Batch Jobs & Slurm

Contents


THIS SITE IS DEPRECATED

We have transitioned to another service and are no longer actively updating this site.

Refer to our new documentation at: hpcdocs.hpc.arizona.edu

This page is under construction! We cannot guarantee completion or accuracy of information herein while in development.

Overview

What are batch jobs?

Some jobs don't need a GUI, may take a long time to run, and/or do not need user input. In these cases, batch jobs are useful because they allow a user to request resources for a job, then wait until it completes automatically without any further input. The user can even fully log off of HPC, and the submitted jobs will continue to run.  The program on HPC that takes requests and assigns resources at ideal times to optimize cluster usage is called a scheduler, and the name of our scheduler is Slurm. All three clusters, Puma, Ocelote, and ElGato, use SLURM for resource management and job scheduling.

Contrast with GUI Jobs

The main difference between batch and GUI jobs is that batch jobs are only text-based and give no graphical feedback during runtime.

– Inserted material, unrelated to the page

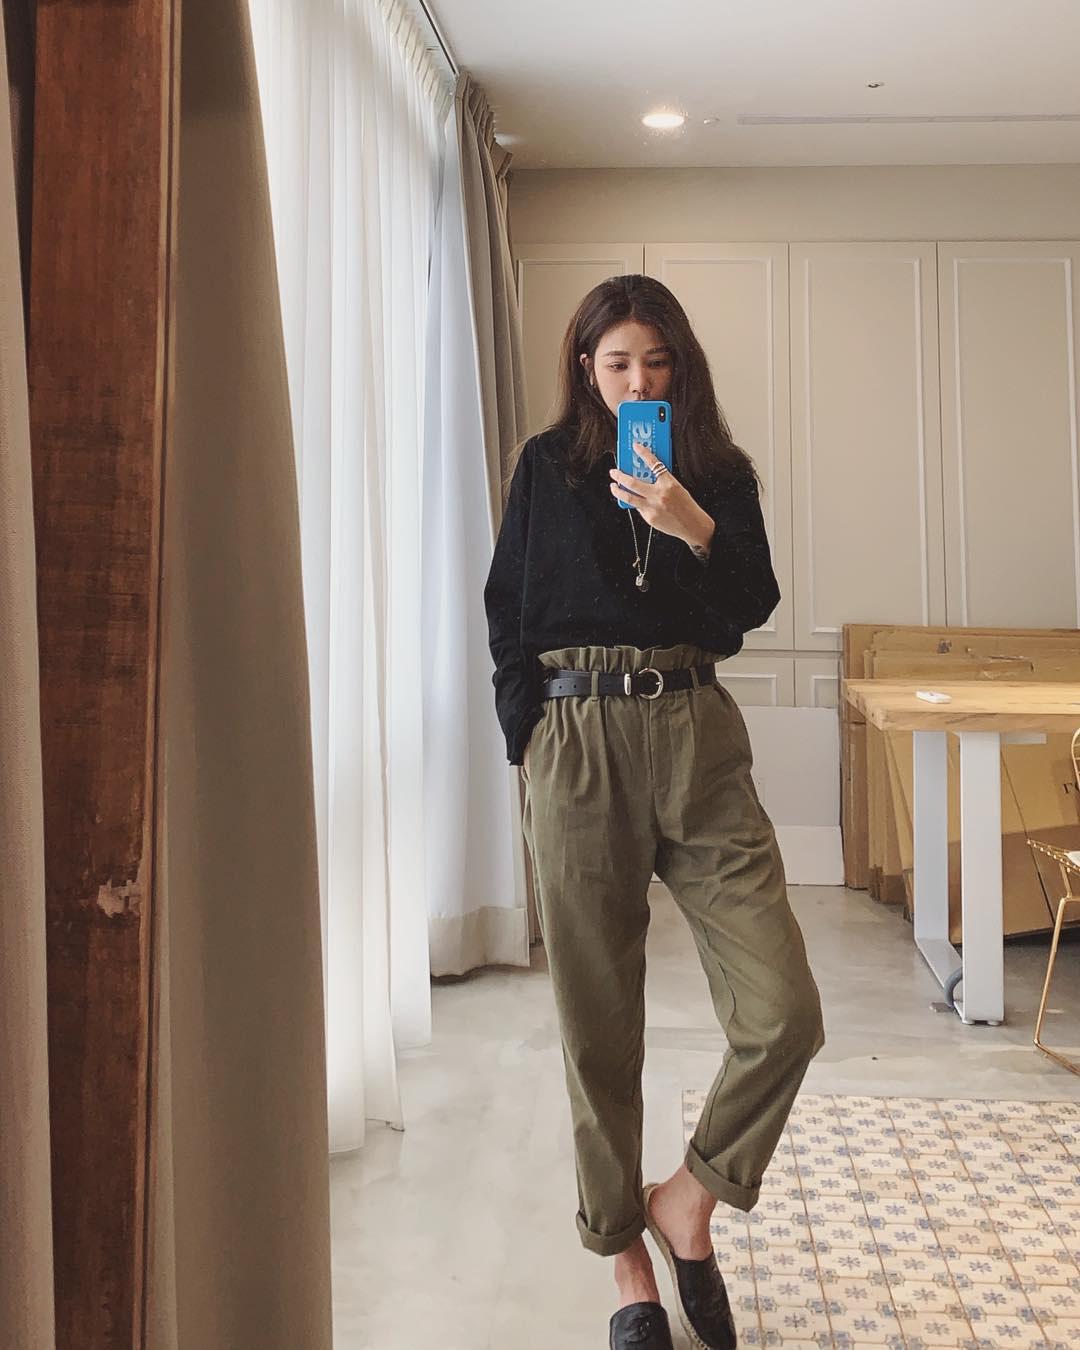 Chân to như cột đình, bạn chỉ cần nhớ 4 tiêu chí chọn quần và váy này thì chân sẽ thon hơn hẳn - Ảnh 4.

While there is a method to submit jobs using a GUI, strictly speaking, batch jobs are of a different nature than GUI jobs, such as ones that use R Studio or MATLAB.

Batch jobs are also different from interactive jobs, because while both use the command line interface and the slurm scheduler, there is no feedback or interactivity with batch jobs. The script is run exactly as submitted with no way to change it once it is submitted, though it can be canceled. Each batch job is assigned a unique job ID that can be used to trace it. 

Batch Workflow

The general process for submitting a batch job is as follows:

  1. Write your analysis. This requires an executable program as well as some input files or options. This varies widely between different types of analysis, and you will need to determine what needs to be done for your particular analysis.
  2. Write your Slurm batch script. This tells the scheduler what resources you want for your job and how to run it. The batch script is written in bash, and normal bash commands can be used within the batch script to increase functionality or flexibility.
  3. Submit your request. This is usually as simple as running "sbatch my_request.slurm"
  4. Wait. Now the scheduler has your request. It will compare your job to all currently waiting jobs and determine when will be the best time to run it. Jobs that request more resources generally wait longer in the queue, but there is no concrete rule that determines how long a given job will wait. Typical wait times vary by cluster and activity. Generally, jobs submitted to ElGato will start much sooner than jobs submitted to Puma, with Ocelote falling in between. To check on the activity of a given cluster, use "". To give some expectation, small jobs on Puma may start within 5 minutes, but large multinode jobs may wait days to begin.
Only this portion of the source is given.